19話
よろしくお願いします
夜中に活動したせいもあって、二人は昼近くまで寝てしまっていた。
「おはよう」
目の前であいさつする耀をみて、沙久羅は顔を赤くする。毎日の事と思ってはいるが慣れるものではなかった。今日は手も握られているから尚更だった。それに、昨日の耀の姉達の嫁発言も手伝って、更に恥ずかしさが増す。
「…おっ、おはよう」
ただ、朝の挨拶くらい普通に答えられれば良かったが、それもできなかった。
耀はそんな沙久羅の行動が不思議でならなかった。
「どうしたの?」
いつもより顔が赤い気がするし、最近は慣れたと思っていたこの挨拶の仕方も、今日はぎこちない。

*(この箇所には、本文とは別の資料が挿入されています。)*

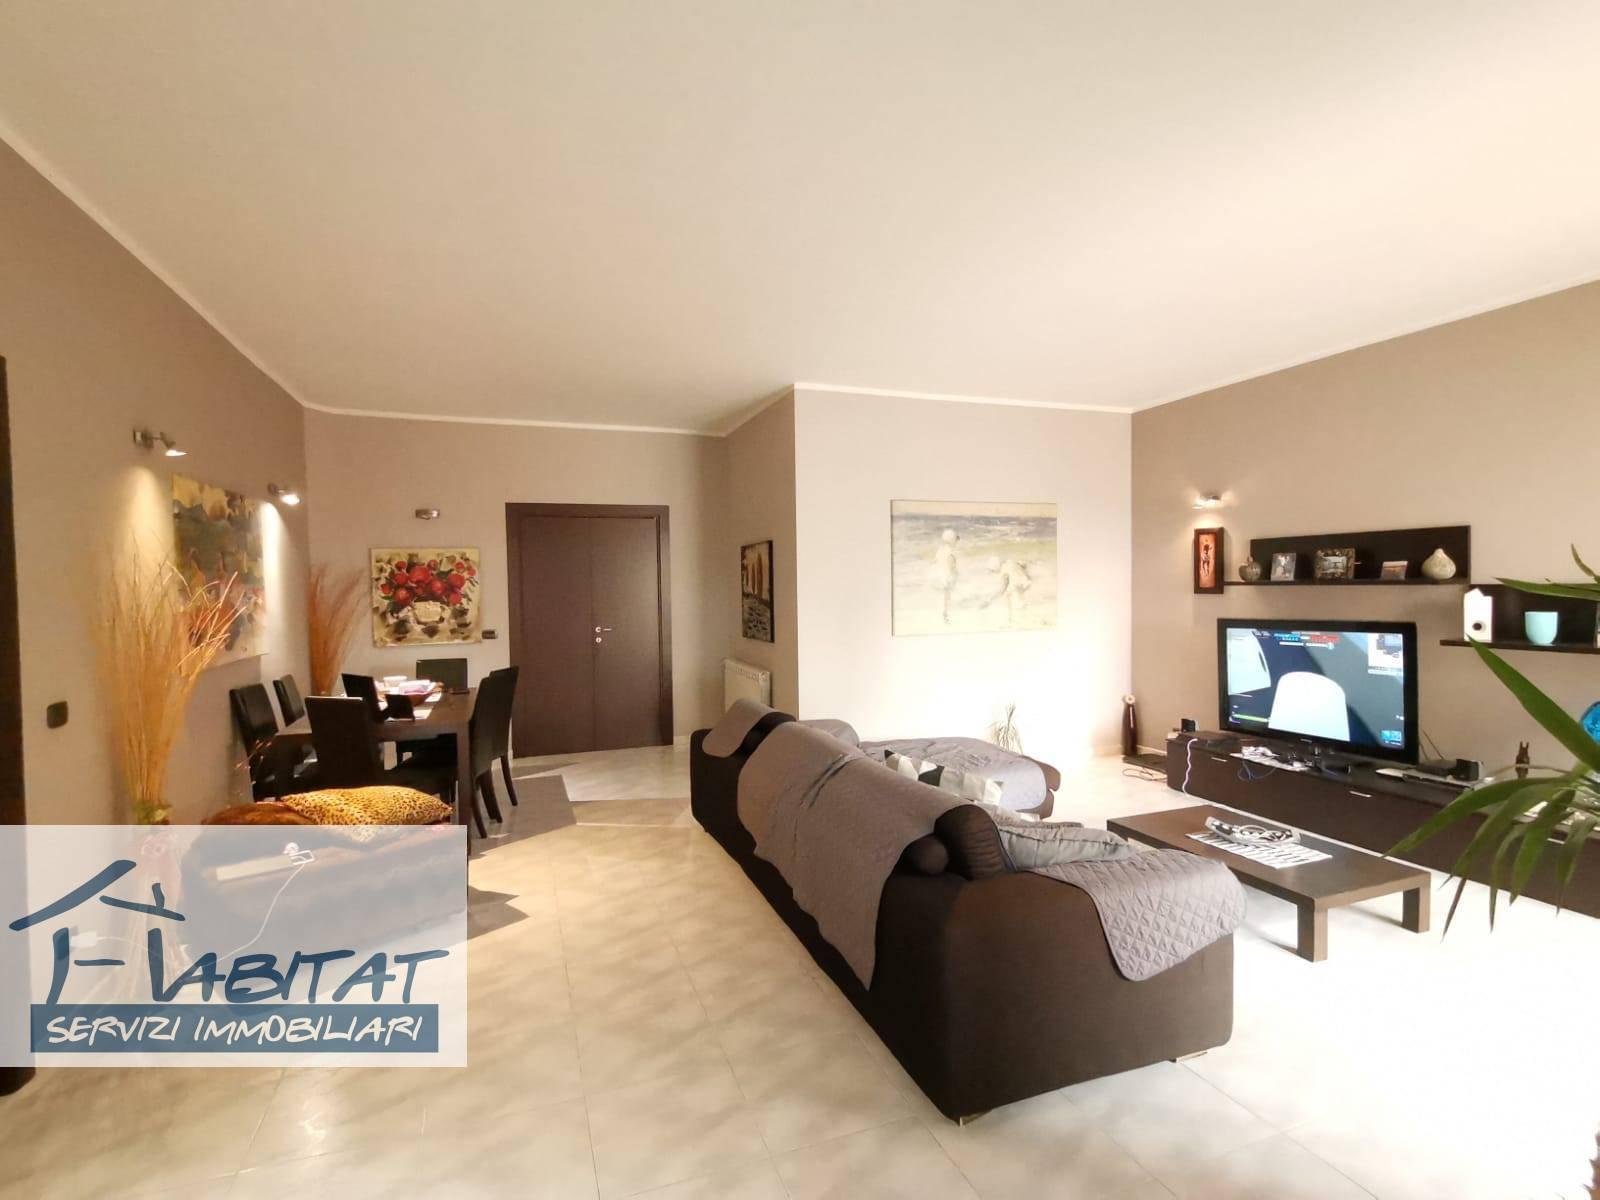 Appartamento in vendita a Agrigento, 5 locali, zona Località: SanMichele, prezzo € 140.000 | PortaleAgenzieImmobiliari.it

耀は起き上がると、沙久羅の髪を一撫でして手を離した。
「…なんでも、ない」
沙久羅も起き上がるとさっさとベッドから立ち上がり、着替えるために部屋を出て行った。
「…姉さん達、からかい過ぎなんだよ」
耀は舌打ちして沙久羅の出て行ったドアを見た。
やっと少しは打ち解けてきたかと思ったら、また振り出しのようになってしまった。
「あとで覚えてろよ」
耀は一人呟いて、怒りを少し納めた。
「耀、お昼御飯、何にする?」
沙久羅はドアの外で聞いて来た。
「…簡単なので良いよ。沙久羅の好きにしていい」
耀は聞こえるように少し大きな声で答える。
「わかった」
短く答えて、沙久羅はパタパタとドアの前を去って行った。
最近の沙久羅ならドアを少し開けて聞いたりすることもあったが、やはり、今日はいつもと違う。
溜息が自然と零れる。
そうこうするうちにキッチンから良い匂いが漂ってきた。今日は焼きそばらしい。最近、沙久羅の中で色々な具材を入れた焼きそばがブームらしい。好きにしていいというと大抵焼きそばが出てきた。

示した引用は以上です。